- Erika Thimey, from a 1941 American newspaper.
- Born: 1910 Itzehoe
- Died: September 20, 2006 (aged 95–96) Hagerstown, Maryland
- Occupations: Dancer, dance educator
- Years active: 1930s–1990s
- Known for: Modern dance, liturgical dance

= Erika Thimey =

German dancer and dance educator (1910–2006)

Erika Thimey (1910 – September 20, 2006) was a German dancer and dance educator, based for most of her career in Washington, D.C.

== Early life ==
Thimey was born in Itzehoe, Germany in 1901. She trained as a dancer in Berlin, and in Dresden with Mary Wigman and Hanya Holm.

== Career ==
Thimey performed one season with an opera in Dessau, before she moved to the United States in 1932. In 1936, she danced the lead role of Undine in a large summer spectacle involving over 100 dancers and a live orchestra, celebrating the fountains in Chicago parks. She was dance director at the North Shore Conservatory in Chicago, before she moved to Boston in 1938, to teach and dance with Austrian dancer Jan Veen. She performed with the Boston Pops Orchestra, and toured the United States with Veen.

Beginning during her Chicago years, Thimey was known for her works in liturgical dance, and was an active member of the Sacred Dance Guild of America. "She regards sacred dancing simply as a modernization of the age-old pageantry of the church," explained a Chicago newspaper in 1941.

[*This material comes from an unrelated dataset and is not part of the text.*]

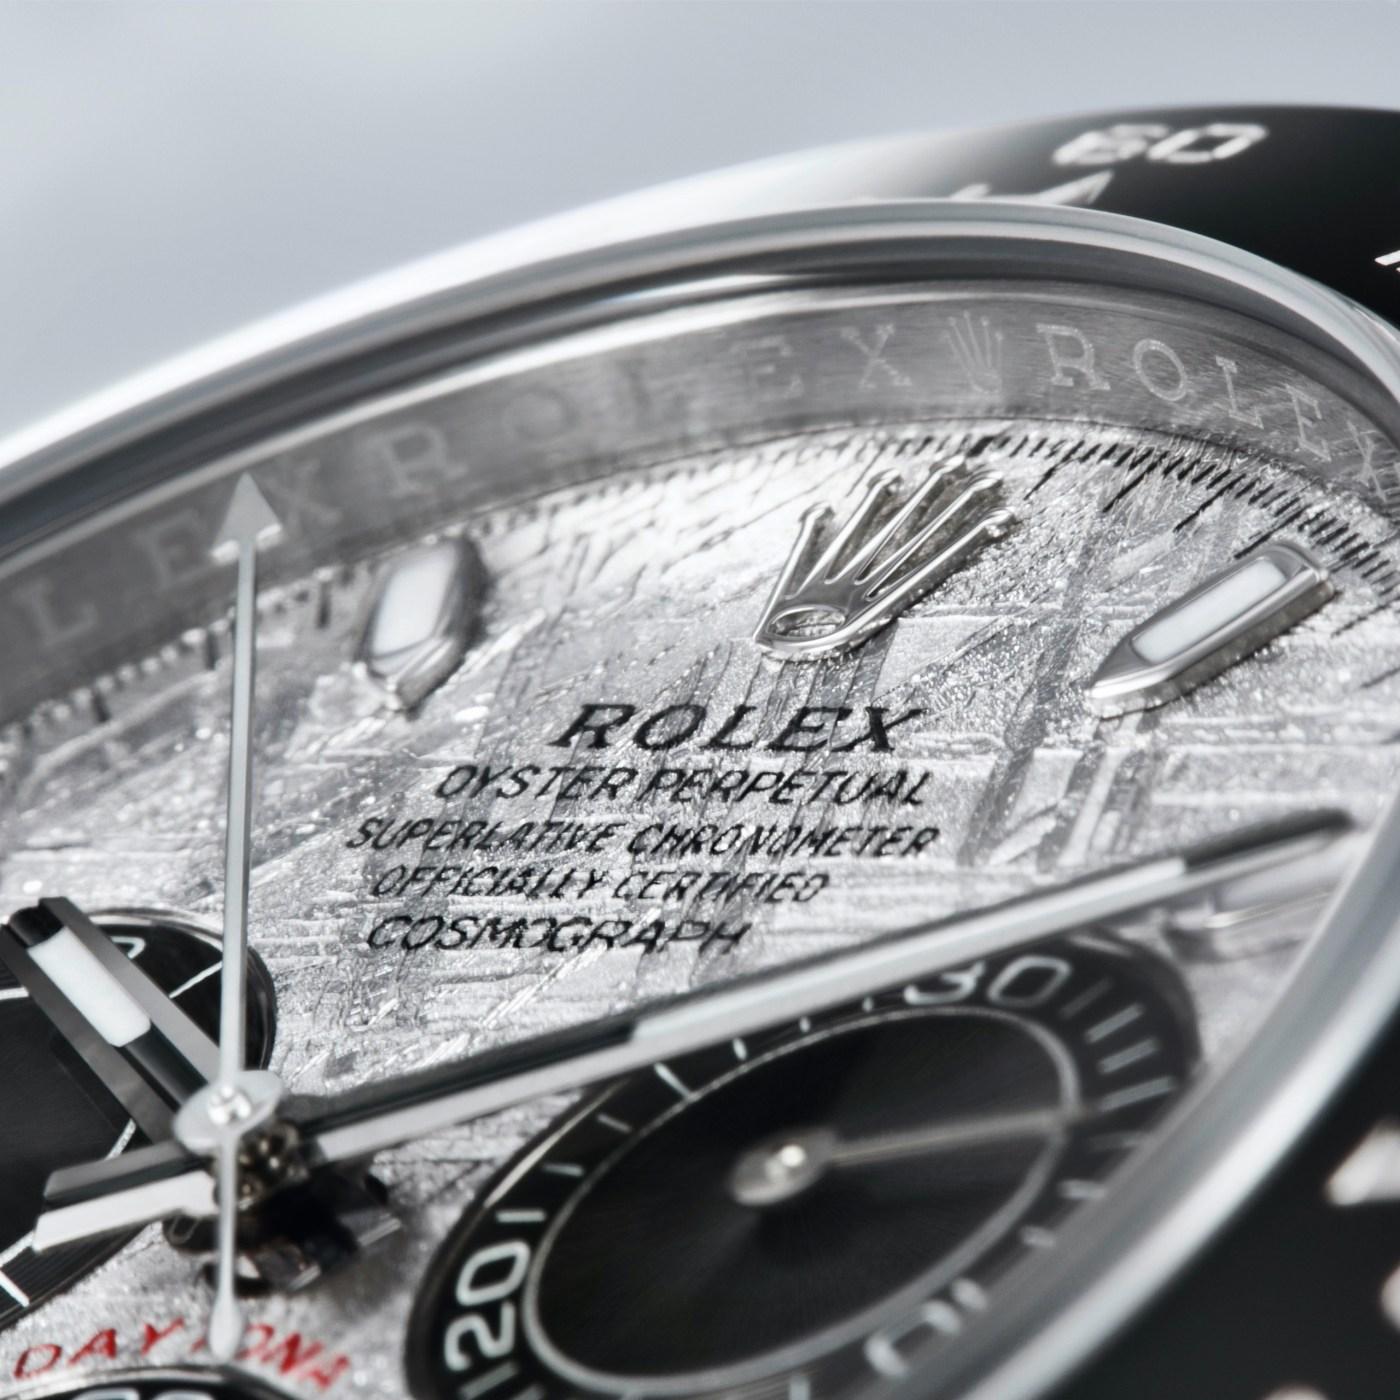 2021 Rolex Daytona 18K Gold with Meteorite Dial

Thimey was a dance teacher and choreographer in the Washington, D.C. area for most of her career. She was dance instructor at King-Smith Studio School. She opened her own school, Dance Theatre Studios, in 1944, with classes for adults and children. Her students performed as the Washington Dance Theatre. She also taught modern dance at Howard University, and at various schools, camps, and community organizations. Among her notable students were Paul Sanasardo and Susan Rethorst.

She was a co-founder of the Modern Dance Council of Washington in 1953. She retired from teaching in 1979. There was a retrospective concert of her works in 1980, at an art gallery on Capitol Hill.

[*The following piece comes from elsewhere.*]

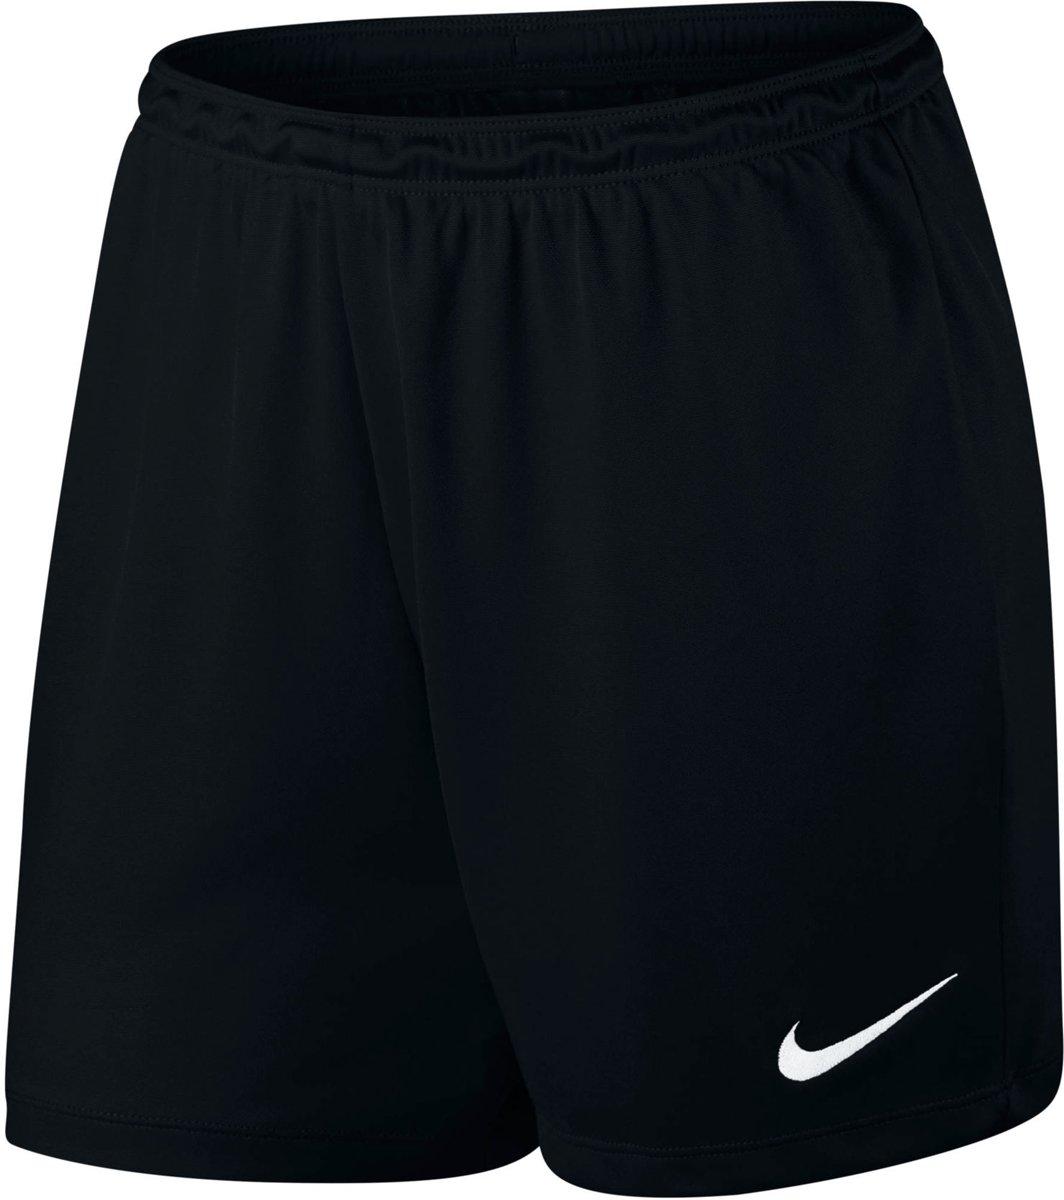 091ac7e2c0b Womens Dry Park II Short Nb K Sportshort Dames - Black/White · Nike

== Personal life and legacy ==
Thimey retired to Smithsburg, Maryland in 1979, and lived in a converted church with her sister, Hertha Woltersdorf. The sisters offered their unusual home for performance and exhibit space, and Thimey worked with local churches on liturgical works until 2001. She died at a nursing home in Hagerstown, Maryland, in 2006, aged 96 years.

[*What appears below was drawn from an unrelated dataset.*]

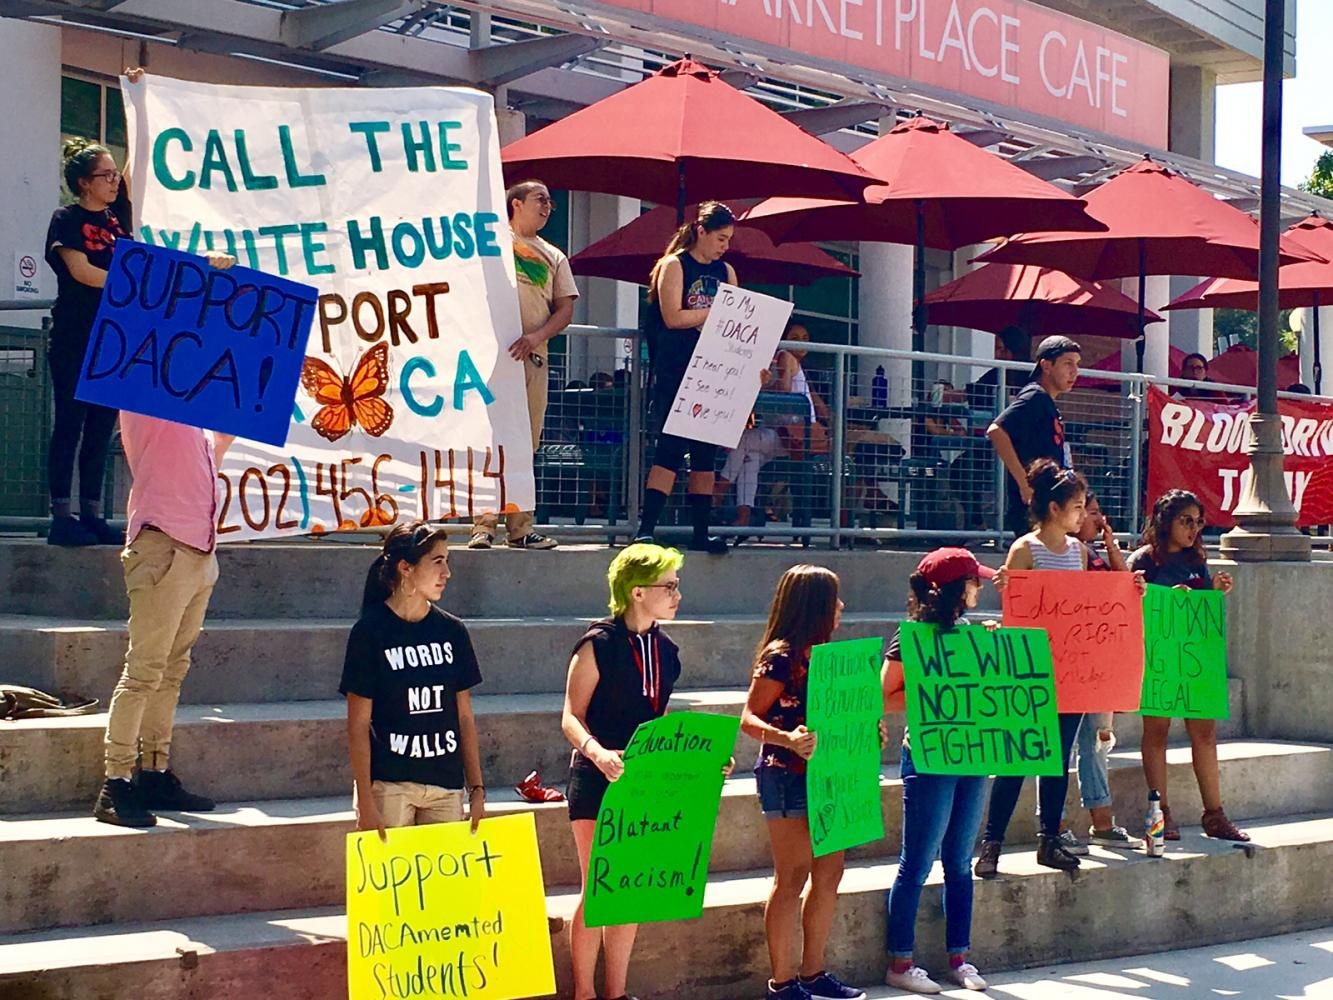 Chico+students+protest+the+DACA+decision.+Photo+credit%3A+Luke+Dennison

Thimey's papers, including films, videotapes, and sound recordings, are in the Historical Society of Washington, D.C. There is a 1980 interview with Thimey on video in the Jerome Robbins Dance Division of the New York Public Library. There is also a 1985 interview with Thimey (audio only) in the United States Holocaust Memorial Museum. and some correspondence in the Pola Nirenska collection at the Library of Congress.

The Erika Thimey Dance and Theatre Company, co-founded by James E. Mayo, continues to perform in the Washington area. There is an Erika Thimey Scholarship in Dance at the University of Maryland.